Notwithstanding the correction of 3rd quarter and current fiscal year figures of Industrial Solutions and hence of group forecast for thyssenkrupp (see press release of July 31), the technology and industrial group remains on its growth path.
Third quarter: thyssenkrupp remains on growth path
Despite adverse currency effects, the Group[1] was able to increase its order intake and sales in the 3rd quarter of the 2017/2018 fiscal year by 7% respectively compared with the prior-year quarter. On a comparable basis, meaning adjusted for currency and portfolio effects, the order intake improved by 10% and sales by 9%. The Group’s adjusted EBIT of €332 million in the 3rd quarter was, however, below the prior-year figure. As already communicated at the end of July, this is mainly due to additional project expenses of around €200 million in the Industrial Solutions Business Area.
Significant improvement in adjusted EBIT for first 9 months
thyssenkrupp delivered positive progress across many areas in the first 9 months of the current fiscal year: The Group’s order intake of €31.1 billion was at about the same level as in the prior year (€31.4 billion); adjusted for currency effects, the order intake increased by 2%. thyssenkrupp’s sales went up from October to June by 3% to €31.7 billion; on a comparable basis, the increase was 6%. Group adjusted EBIT rose in the same period to €1.3 billion (prior year: €1.2 billion).
The materials businesses benefited in particular from the sustained positive trend in the market cycle, leading to strong earnings contributions from both Materials Services and Steel Europe. In the industrial goods businesses, Components Technology and Elevator Technology continued to improve in the first 9 months despite the difficult market environment. Due solely to adverse currency effects and higher material costs, operating earnings in both Business Areas are temporarily slightly down compared to the prior year. At Industrial Solutions, however, adjusted EBIT declined in the first 9 months to € 224 million (prior year: €70 million) due to the additional project expenditures previously communicated.
Free cash flow before M&A improved significantly in the first 9 months compared with the prior year due to a decrease in working capital in our materials businesses. As expected, however, it remained in negative figures at €-1.6 billion.
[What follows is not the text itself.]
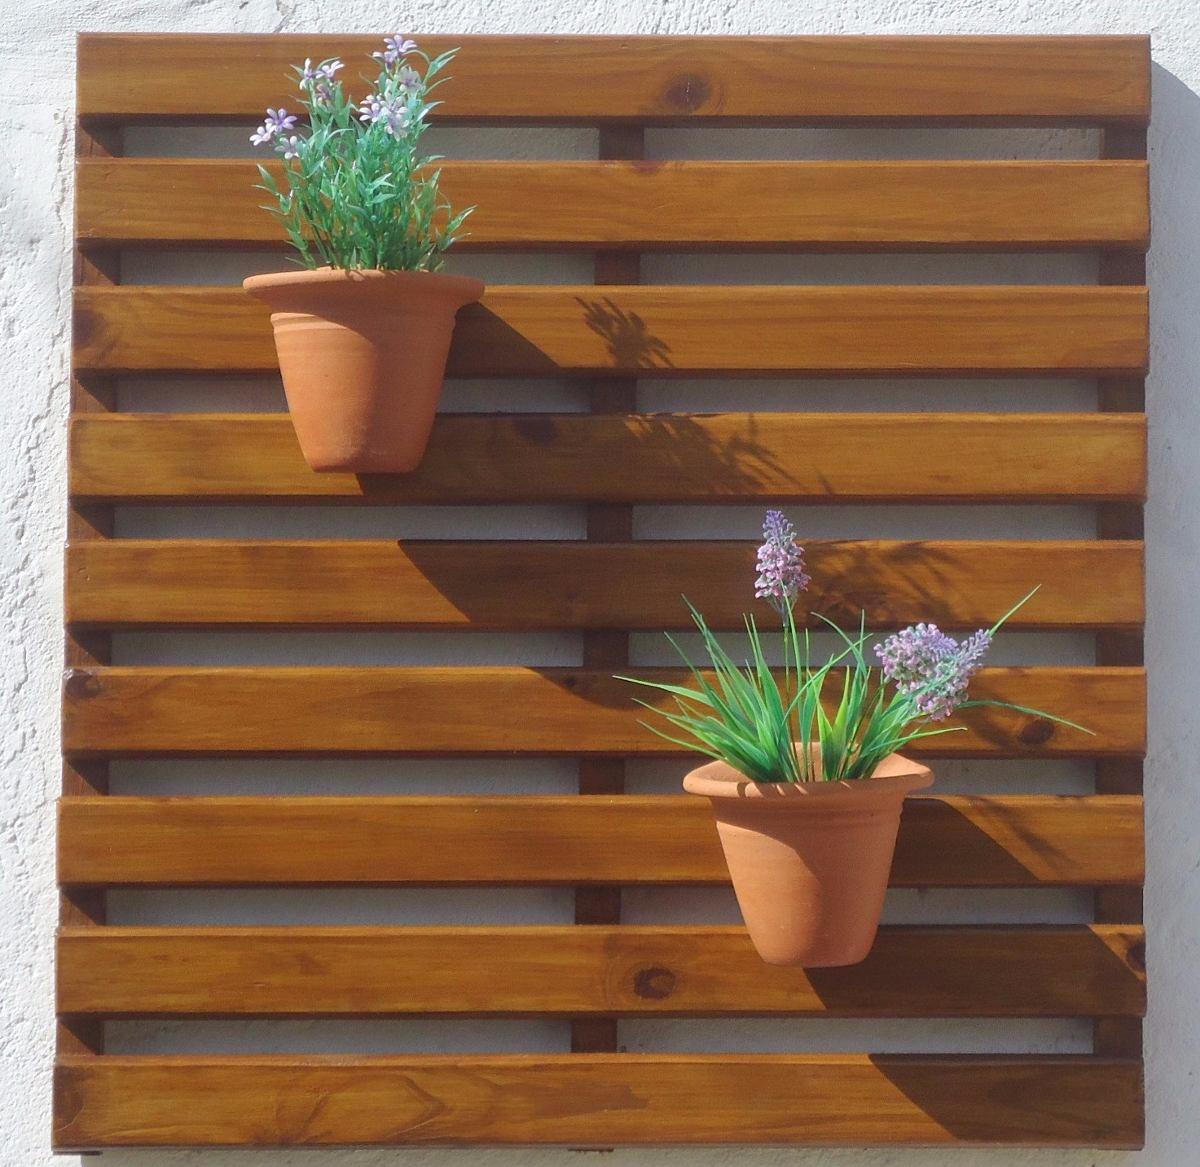 jardim vertical venda:Painel De Madeira Para Jardim Vertical – 75 X 71 Cm – R$ 79,80 em

The main reasons for this, as reported, are the lower order intake and large expenditures from the order backlog at Industrial Solutions.
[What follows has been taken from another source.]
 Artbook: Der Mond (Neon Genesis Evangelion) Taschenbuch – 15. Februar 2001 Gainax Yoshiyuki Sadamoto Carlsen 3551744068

“We see a mixed picture. The bottom line is, that we are not satisfied with the current results”, said Guido Kerkhoff, Chairman of the Executive Board of thyssenkrupp AG. “There’s no point in sugar-coating it. Notably the cash flow is unsatisfactory, and that is not a situation which can be sustained long term. We have to improve significantly across all our businesses. And that is what we are now working hard to deliver.”
Positive balance sheet effects from joint venture with Tata
Following the signing of the joint venture agreements at the end of June, preparations for the start of the joint venture with Tata continue to progress well and on schedule. The next steps on the road to the joint venture consist of the merger control procedures of the relevant regulatory authorities. In addition, thyssenkrupp is working on the carve-out of the steel business in preparation for the joint venture.
The joint venture of our European steel activities with Tata Steel will significantly improve thyssenkrupp’s balance sheet on completion of the transaction. The equity ratio, for example, will increase from around 10% to over 15%, while pension liabilities will decrease by about 50% to approximately €4 billion. As expected, however, the agreement signed in June will lead in the short term to a one-time increase in tax expenses, as it will no longer be possible to recognize loss carry forwards in Germany. As a result of this one-time effect, net incomefor the first nine 9 decreased slightly to €230 million (prior year: €326 million).
The joint venture also has an impact on thyssenkrupp’s reporting structure. From now on, the Steel Europe Business Area will be defined on the balance sheet as a discontinued operation.
Adjusted full-year targets for 2017/2018 confirmed
In the current fiscal year, thyssenkrupp expects consolidated adjusted EBIT of around €1.8 billion (prior year: €1.722 billion), which is at the lower end of the original guidance range of €1.8 billion to €2.0 billion. Free cash flow before M&A will continue to show a significant year-on-year improvement (prior year: €-855 million), but will be negative due to the lower contribution from Industrial Solutions. Despite these developments, the Group’s net income will continue to be significantly better than in the prior year (€271 million).
Free cash flow before M&A at least €1 billion by fiscal year 2020/2021
Improving performance has priority in all Business Areas. By fiscal year 2020/2021, the Group targets free cash flow before M&A of at least €1 billion. To create transparency on the potential in each business, thyssenkrupp is announcing medium-term targets for the Business Areas and the Group for the first time with a specific time horizon. Also for the first time, thyssenkrupp is publishing cash flow targets at Business Area level. The KPI used for this purpose is cash conversion, which is the ratio of adjusted EBIT to the actual cash inflow in each Business Area.